I’ve been writing this post in my head, wondering when the best time would be to share it. When will everyone staying home because of COVID-19 find the novelty wearing off? When will most people really start to feel the challenge of seeing the same walls day after day, of feeling isolated and alone, of realizing the world is full of airborne threats to be dodged and managed?
This could be an important opportunity for the chemically ill community – maybe the closest we’ll ever get to being understood by the healthy population. It seems like a good time to play a game of “What If.” Here goes.
What if you had to stay home to avoid the virus, not only for weeks or months, but for years, even decades, on end?
What if people who were immune to the virus (or thought they were) put it in the air intentionally? What if they rubbed it on their bodies and infused their clothes with it and sprayed it in public buildings and in their homes and yards?
What if people constantly told you or implied that you were exaggerating the problems the virus could cause or that your beliefs about it were a sign of mental illness? What if they told you over and over again that it wouldn’t affect you if you didn’t believe it would? What if there was a powerful, well-funded virus lobby that worked hard to shape the opinions of medical professionals, employers, and the general public?
What if the “We’re all in this together” mantra wasn’t true? What if you were one of a minority of people who had to stay home? What if most people were out living their lives and were too busy to find ways to include you?

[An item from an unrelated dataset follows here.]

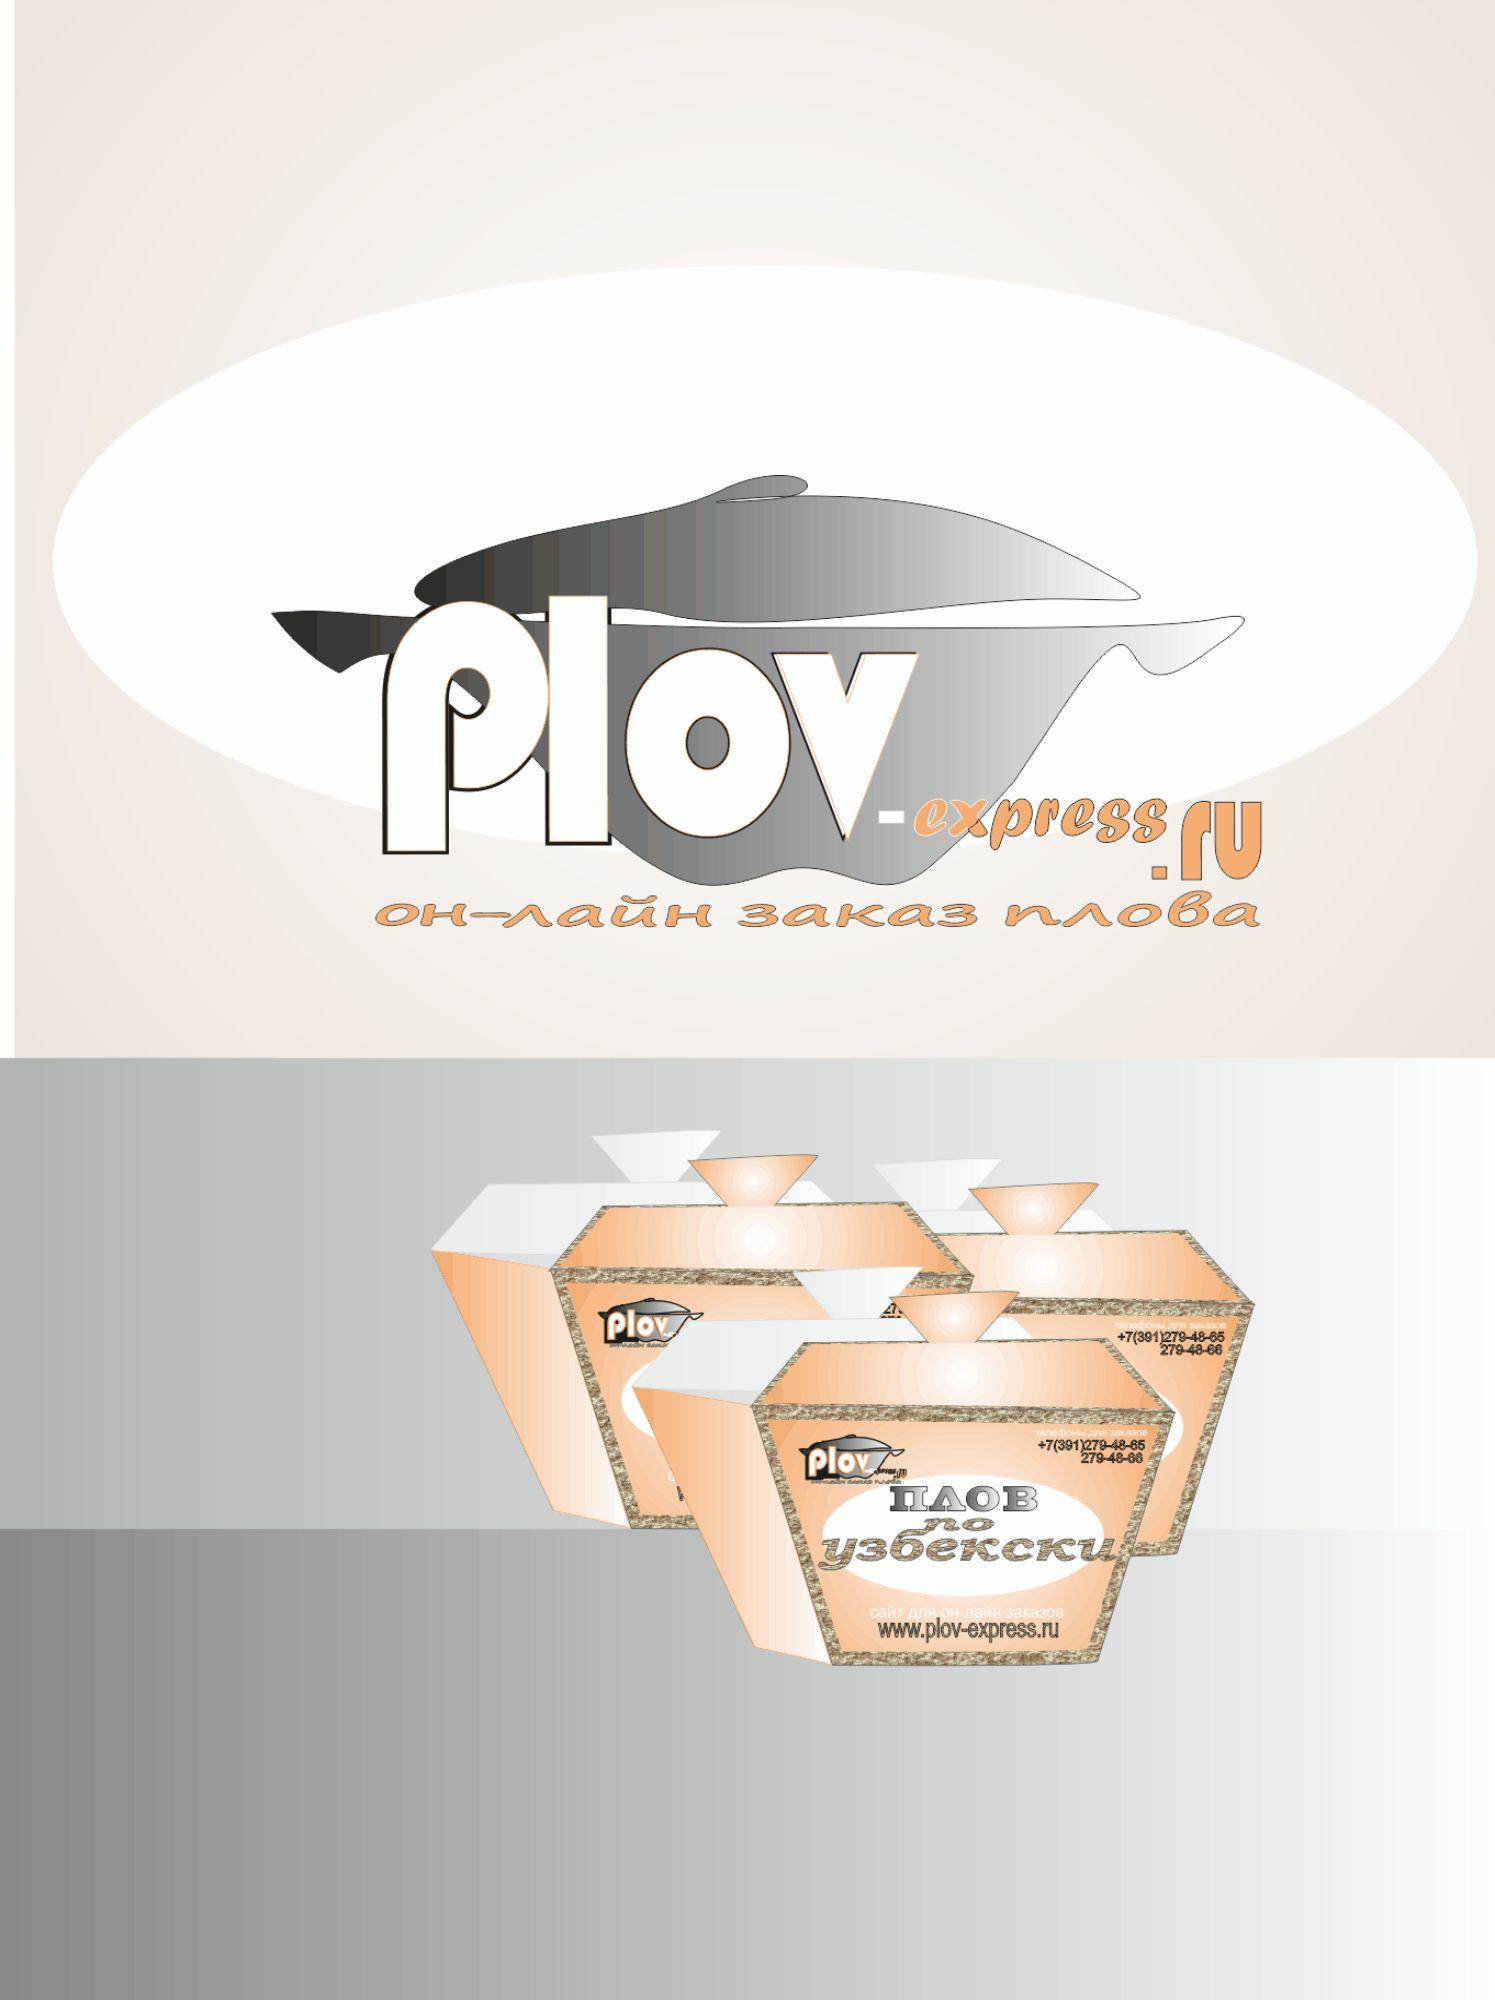 Лого и фирмстиль для сайта plov-express.ru - дизайнер cfaehf199

What if you had been staying home alone for years, asking businesses, medical facilities, schools, churches and other organizations if they could either provide a virus-free space or online connection options, but they ignored you? What if many people were suddenly forced to stay home for a while, and online opportunities instantly appeared?
How would you feel? What would you hope others would do in the future? Replace the word “virus” with “chemicals” and you have the reality that those of us with chemical illness face. We try to find or create safe spaces and we shelter in them, working hard to keep them untainted as toxins are introduced from the actions and choices of others. When we leave our homes, we protect ourselves as best we can, but instead of being worried about potential future problems, we often experience symptoms, sometimes excruciating and life-threatening ones, immediately on being exposed. As with virus prevention, we’ve learned that the easy solutions (masks and air filters) aren’t enough and that we can only stay well if others take the problem seriously, too.

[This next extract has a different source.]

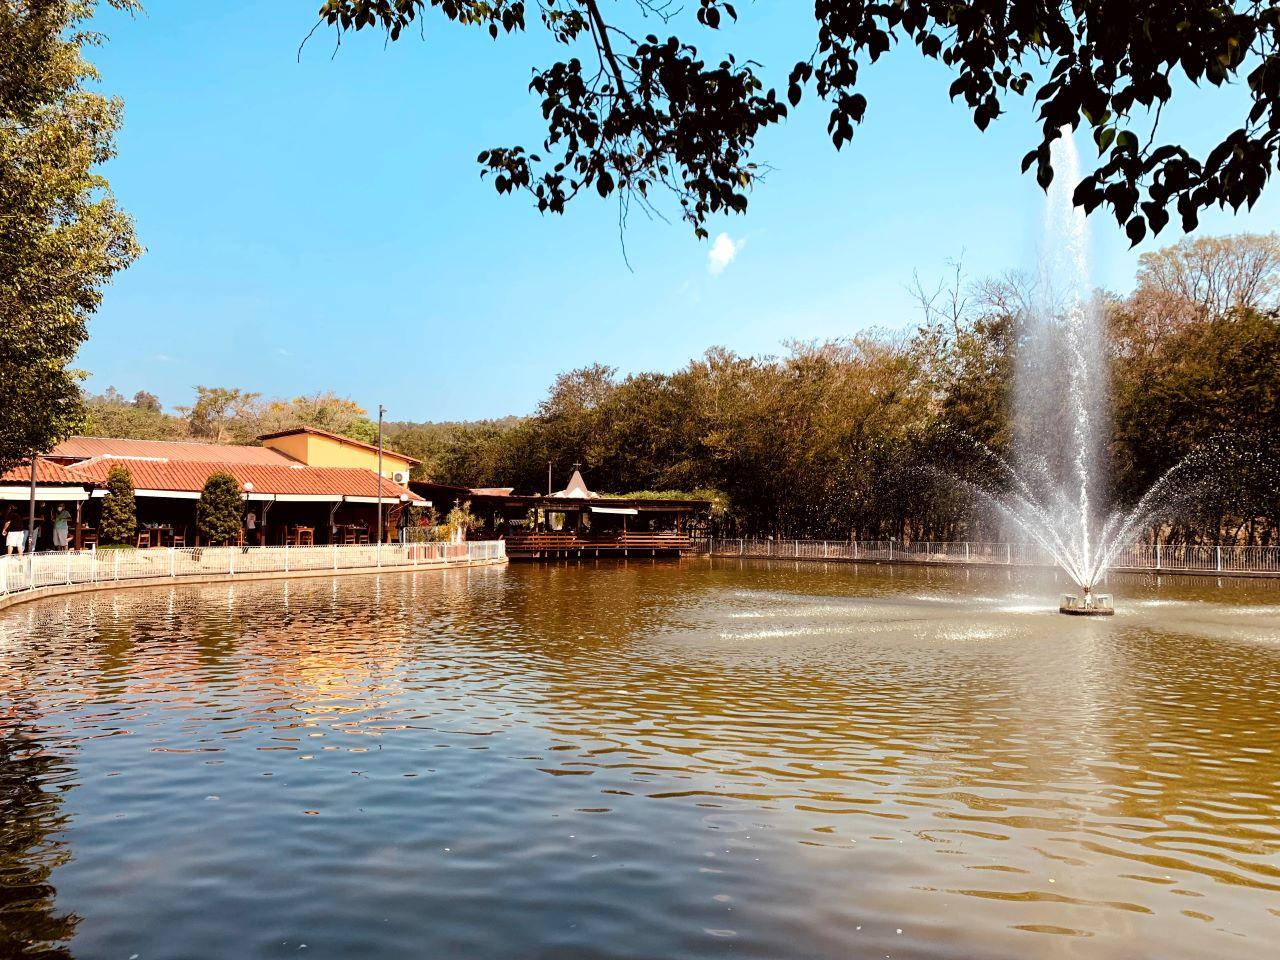 restaurante do lago em pedreira sp

I want your life to improve, but I also want you to remember how you feel now. Human nature being what it is, though, I’m afraid you won’t. Recently I’ve been learning about the hot-cold empathy gap. The term describes the fact that when we’re in a “hot” state (being driven by visceral forces like anger, hunger, sexual desire, etc.) we have trouble remembering what it’s like not to be in that state and vice versa. It leads to a lack of empathy both for ourselves and for others. Right now you have a taste of the frustration, anxiety, and loneliness we experience, but once things calm down, the memories and empathy will fade.
Because of that, I’d like to ask you to act now to make some changes. There are two avenues of change needed. We need more safe spaces we can enter in person, and we need more online connection options.
What can you do now to make your home and other spaces more healthy and accessible? Can you remove fragranced products? Can you switch to safer cleaners? Can you change the way you deal with bugs and weeds?
How can you increase online connection options? Workplaces, schools, and churches have all discovered that the technology isn’t hard to master. You’ve proven you can do it. The trick is that what works when everyone is logging into a meeting from their own computer doesn’t work as well when most people are in one room and there are one or two trying to access the meeting from elsewhere. Sometimes only the person leading the meeting can be seen and heard by the online participants, which makes group discussion problematic. I would tell you what the best options are for combating the issue if I knew. I believe a multi-directional microphone is part of the answer. If someone with experience in what works would provide the information in the comments section, I would very much appreciate it. (If you comment on the blog itself rather than on Facebook or Twitter, more people will be able to see it.)
The book of Genesis tells us about Joseph, whose life fell apart to the point that he ended up in prison, through no fault of his own. Pharaoh’s cupbearer ended up there, too, and Joseph interpreted a dream for him and predicted that he would soon be released and back in Pharaoh’s good favor. Joseph had a request for his fellow inmate: “When all goes well with you, remember me and show me kindness; mention me to Pharaoh and get me out of this prison” (Genesis 40:14). Verse 23 tells us what happened when the cupbearer was released: “[He], however, did not remember Joseph; he forgot him.”
We in the chemical illness community are like Joseph. Suddenly the cells are full of people who will soon be released. We’re asking, pleading, begging, “Please, remember us when you’re free again and show us kindness. Help us get out of our prison.”
What if you acted now to make changes? What if you didn’t forget us when your life opened up again? What if?